Cuando la ví entrar mi cabeza empezó a buscar todas aquellas frases hechas con las que estamos acostumbrados los hombres a comenzar una conversación. En algunos casos habían funcionado, pero al parecer ya no despertaban el mismo interés. Con el tiempo pasé de recibir un ‘no gracias flaco, vine con mis amigas’ a una descortés mirada de pies a cabeza sumado a un suspiro degradante y risa sin disimular con todo el animo de manifestar su desagrado hacia mi persona.

Mientras maquinaba todo esto, mis pies habían decidido empezar a caminar por su cuenta en dirección a ella y no hacía caso de mi cerebro que aún me decía: ‘pará, todavía no se que le vamos a decir!’

Contagiado por la autosuficiencia de mis pies, mi dedo índice tomo coraje y le tocó el hombro. Se dio vuelta instantáneamente con una sonrisa y me miró directo a los ojos.

Te gusta viajar? – balbuceé

Sí, por? – respondió despreocupadamente

Porque quiero conocer las cataratas y necesito alguien que me cebe mates para no dormirme.

Pude ver como la comisura de sus labios se levantaba en una sonrisa tímida, casi imperceptible, como temiendo mostrar aprobación al diálogo que acababa de pasar. Desvió sus hermosos ojos verdes al piso, avergonzada por no haber tenido el coraje del tan consabido desprecio, y también por no poder contener su risa. En este momento se me vino a la cabeza aquella imagen tan famosa de 1989 que recorrió el mundo: Alemania oriental derribando el muro que había mantenido separado a dos realidades distintas en un mismo país durante 28 años.

Y cuando tenés pensado salir? – me preguntó

Bueno eso depende de que tan rápido puedas armar tu bolso.
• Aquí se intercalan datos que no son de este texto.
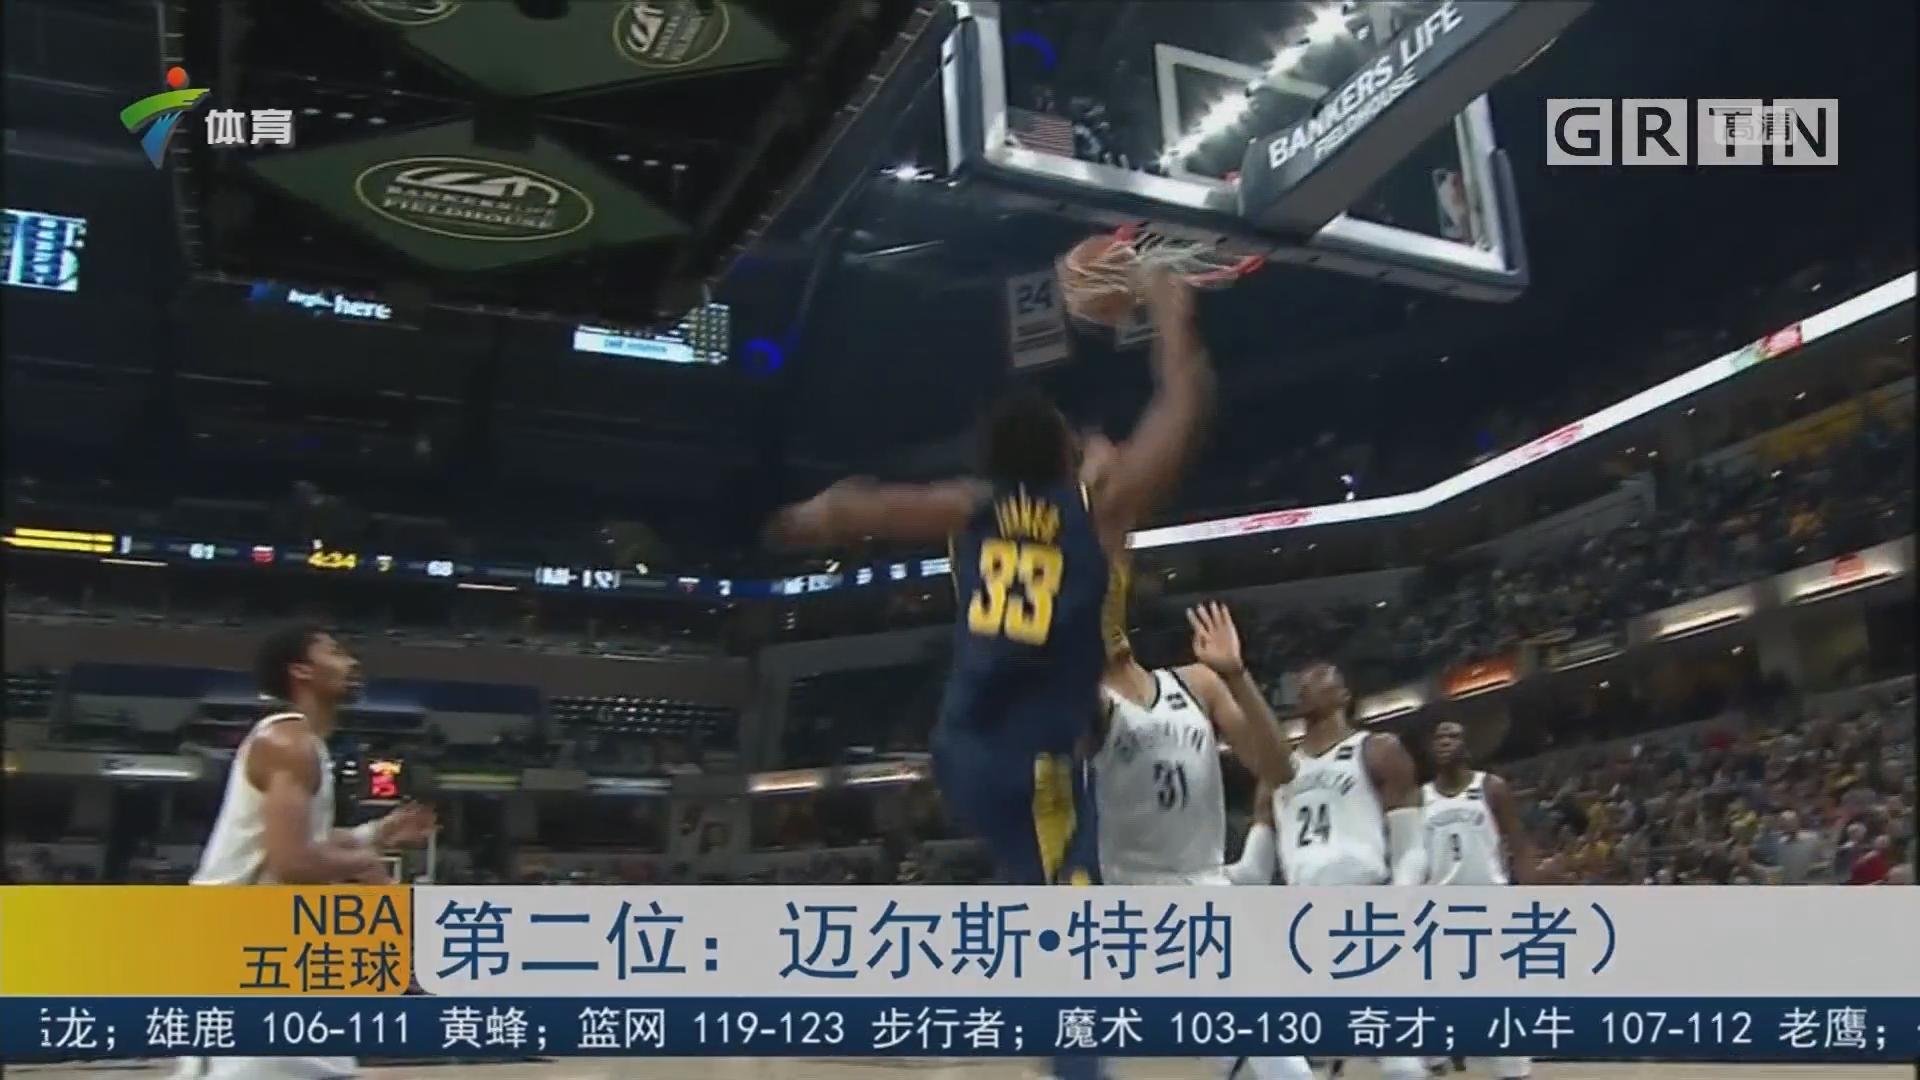 NBA五佳球胜

Esta vez la carcajada ya no fue disimulada, ni tímida ni escondida. Había reído en serio, había reído con ganas y no sintió deseos de ocultarlo. Por primera vez en mi vida, había decidido no pensar más en las respuestas, y dejar que fluyan.

Tomás dulce o amargo?

Que pregunta! A mi abuelo me enseñó que el mate en el campo se toma amargo, que ese es el verdadero.

Yo le pongo chúker. – La respuesta fue seca y carente de sonrisa.

Pero yo le dije a mi abuelo mil veces, ya no estamos más en el campo, no vés que estas son las llaves de un Peugeot y no de un tractor? – Saqué del bolsillo del jean el llavero que enseñaba un león gruñendo hacia la izquierda.

Ah bueno entonces no hay problema dijo – Y volvió a sonreír – A mi me encantan los Peugeot.

Y a mí los mates con chuker – mentí – Pero más me gustan si lo tomamos de noche viendo las estrellas tirados sobre el capot, al costado de la ruta.

La charla continuó por horas hasta que vinieron sus amigas a buscarla para irse.

Yo te llevo no te preocupes! – No iba a permitir que esos rulos negros con ojos verdes me abandonen por nada del mundo.

Pero vivo en Carlos Paz…

No te dije que me gusta viajar?

Una vez más se rió y se volvió hacia sus amigas y les dijo que yo la llevaría.

Les dije a las chicas que vos me llevás, pero me acabo de dar cuenta que no se como te llamás.

Franco y vos?

Sofía, es cómico que hace 4 horas que estamos charlando y no sabíamos nuestros nombres.

Me reí con el comentario y me aventuré:

Yo no se vos, pero yo jamás empiezo una charla con un ‘como te llamás?’

Por eso mismo todavía estamos hablando y no te corté el rostro.

Y mientras me agarraba de la mano enfilamos para el estacionamiento. Antes de irnos me preguntó:

Entonces, cuando salimos de viaje….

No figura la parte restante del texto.